Gareth Stace, director general, UK Steel, also warned of damage to the industry, “unless this government, because it’s now or never, does something really important and significant to change the fortunes of our sector”. Without action, it “will be a very, very different sector in the next few years”.

He also noted that concerns over energy and carbon costs, as well as procurement still need tackling, and if the government does not address those, “we are still dead in the water”. However, the new EU tariff-rate quota regime “blows everything else out of the water”.

If the UK government fails to respond and “give us a really good, robust and strong UK steel quota and safeguards from 1 July and address the uncompetitive business landscape, then we will not be the sector that even you know at the moment,” he warned.

Carles Rovira, chief executive at 7 Steel, argued “there is no reason UK steel production cannot be competitive”, noting the country will have the latest technology, using electric arc furnaces, skills and scrap.

“What we’re asking [from] government is to give us the same means other steel producers have to compete,” he asserted. He highlighted scrap barriers for 48 countries, making the material cheaper domestically.

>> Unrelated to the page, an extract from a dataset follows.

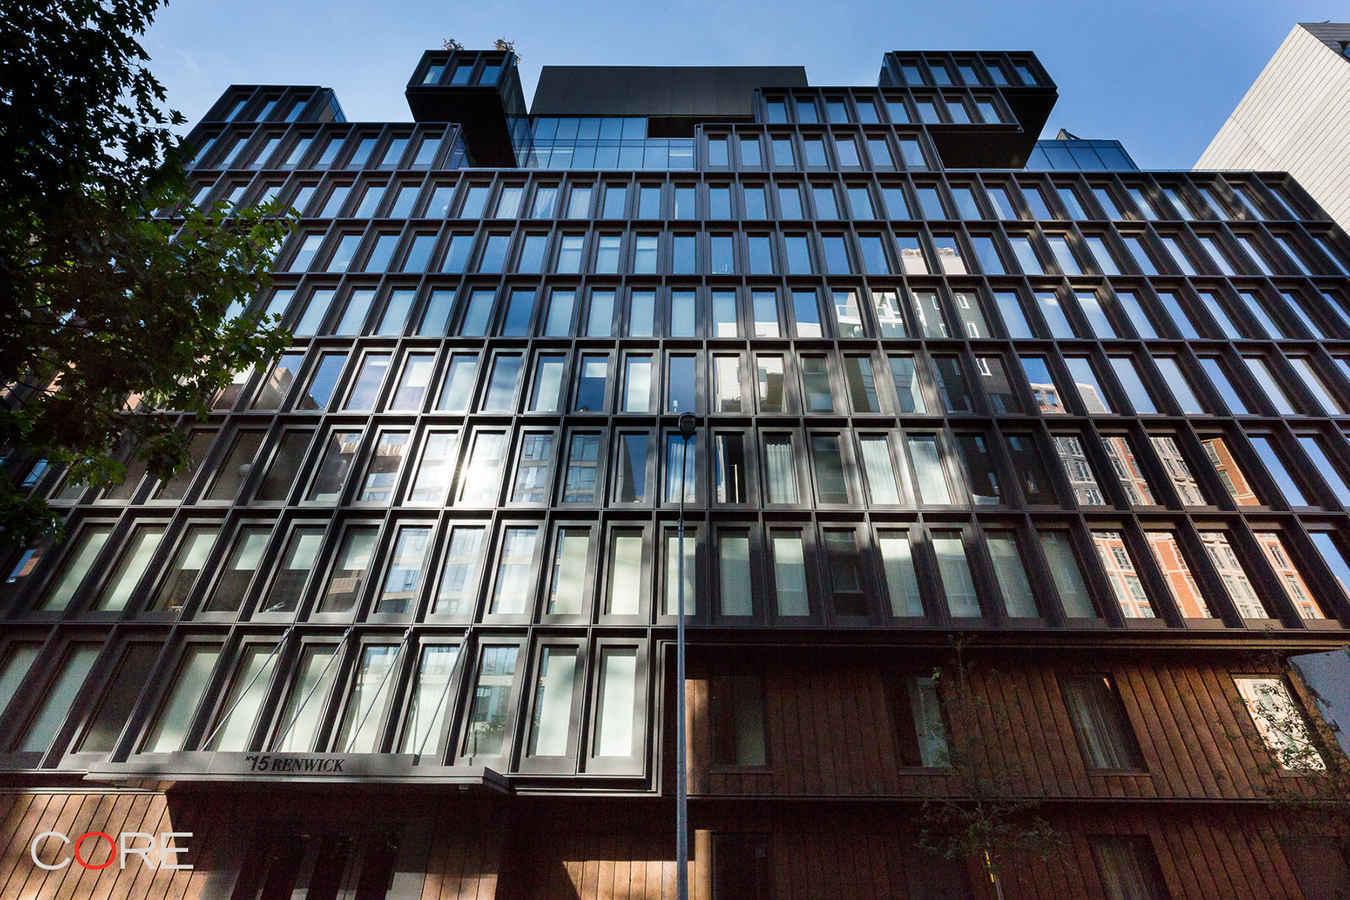 Apartment for sale at 15 Renwick Street, Apt PH3

Other countries which have subsidies for energy should not be seen as “competitive”, he argued.

Meanwhile, Alasdair McDiarmid, assistant general secretary, Community Union, said: “We need to stop lurching from crisis to crisis. We’re in a hole [and] it seems like we’ve been in a hole for a very long time; we need to fix this once and for all.”

He expressed frustration to still be calling for the same support as when the Steel Council was first formed in 2015 after the SSI steelworks collapsed. “We defined what the industry needed at that time; there were five key priorities, action on energy prices, procurement, trade defence, reform of business rates and support for decarbonisation investment, and we’re now in 2026, 11 years on and these are still the priorities,” he lamented.

“We know what the problems are, we know what the solutions are, it’s very, very frustrating,” he added.

Meanwhile, Quinn described the ETS schemes in the UK and EU as “blunt instruments” that have not been effective in creating conditions to decarbonise “a very capital intensive business”.

“It was punitive, it was a cost for not decarbonising, but it didn’t help you to decarbonise, it just punished you for not doing it and the two things are different,” added Quinn.

Stace expressed concerns over the UK’s CBAM policy. “Unfortunately, within Treasury, CBAM is developing … but it’s going to achieve exactly the opposite of what it should,” he warned.

He highlighted UK Steel calculations show Chinese steel will pay less in CBAM costs than steel produced in the UK. “It should have been the other way round and it’s astonishing that we’ve got less than a year to go before it comes into effect on the 1st of January next year and yet Treasury is working through a policy that’s going to damage us even further,” he concluded.